According to Wikipedia, “Racial segregation in professional baseball was sometimes called a gentlemen’s agreement, meaning a tacit understanding, as there was no written policy at the highest level of organized baseball, the Major Leagues. But a high minor league’s vote in 1887 against allowing new contracts with Black players within its league sent a powerful signal that eventually led to the disappearance of Blacks from the sport’s other minor leagues later that century. During the 1920s to 1940s there were some light-skinned Hispanic players, Native Americans, and native Hawaiians who were able to play in the Major Leagues.”
“Light-skinned”…does that sound familiar? Here again the same economical “caste system” that had been perpetrated and regulated before the Emancipation Proclamation was signed and implemented was now bursting with pride in the 20th century. Mighty Casey has struck out, again and again. We have learned that when Black athletes enter and maintain excellence in any sport, there are going to be false negatives and narratives to dilute the market value of that individual. How many times have you heard the talking heads say something like this concerning a promising young Black star…“He has great physical tools but he needs to be smarter.” Or when Black athletes make a play, something along this line jumps out of a talking head’s mouth: “Now that skill can’t be taught. If he can master coach so-and-so’s system, man, he can be great.”

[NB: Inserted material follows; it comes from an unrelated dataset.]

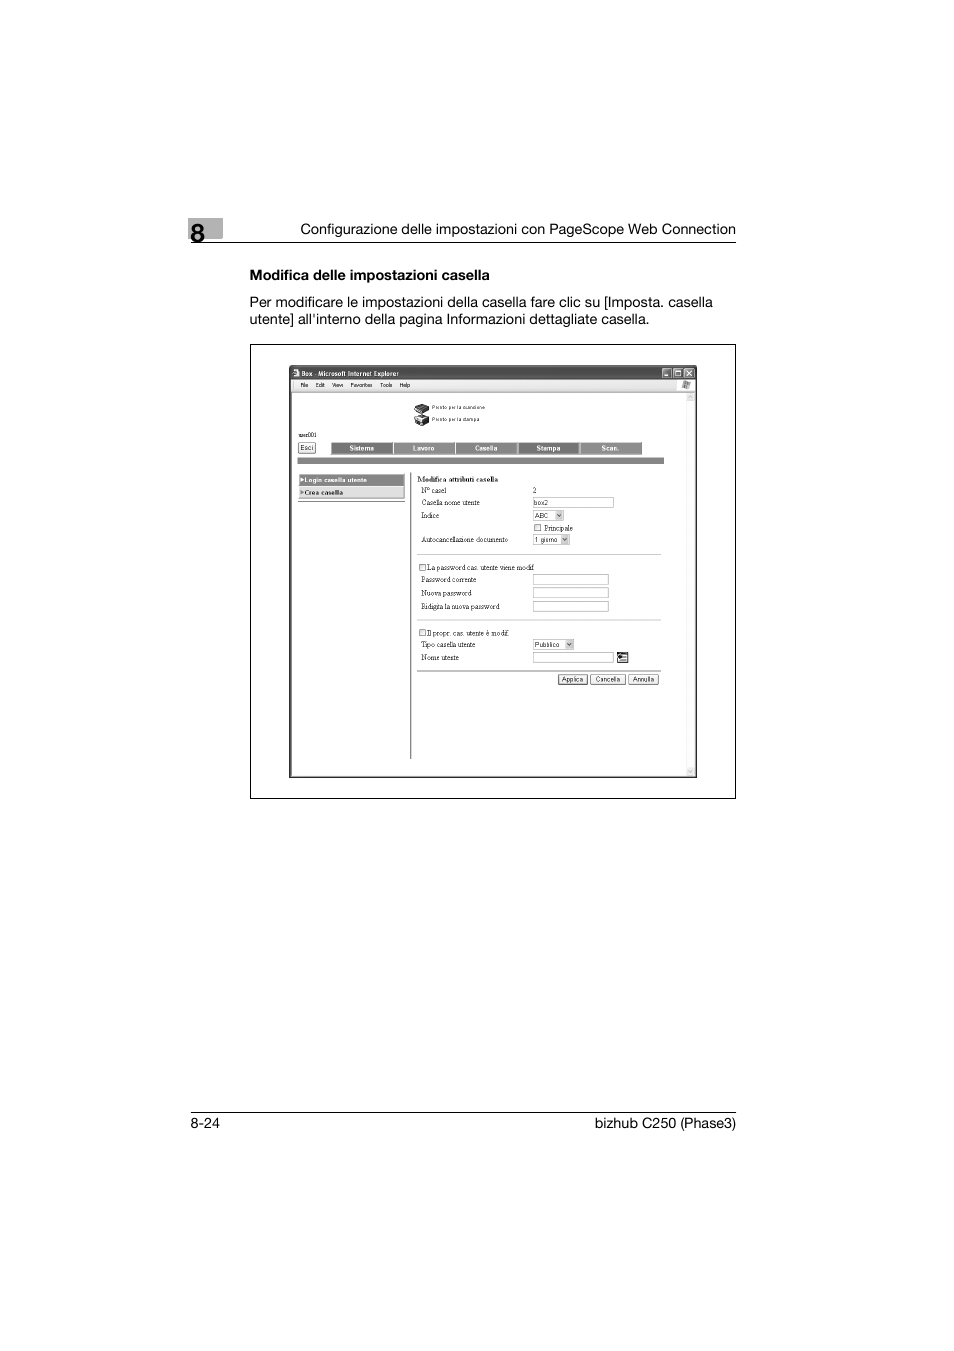 Modifica delle impostazioni casella, Modifica delle impostazioni casella -24 | Konica Minolta bizhub C250 Manuale d'uso | Pagina 220 / 246

No system made O.J. Simpson, Barry Sanders, Tony Dorsett, Jerome Bettis, Jim Brown, Franco Harris and Eric Dickerson Hall-of-Fame running backs. The only thing that could ever be watered down was their market value as far as salaries are concerned. There is no lost legacy for Black athletes as far as Euro-American professional sports is concerned. African American athletes never had a legacy in the first place. Don’t believe me? Ask Hank Aaron.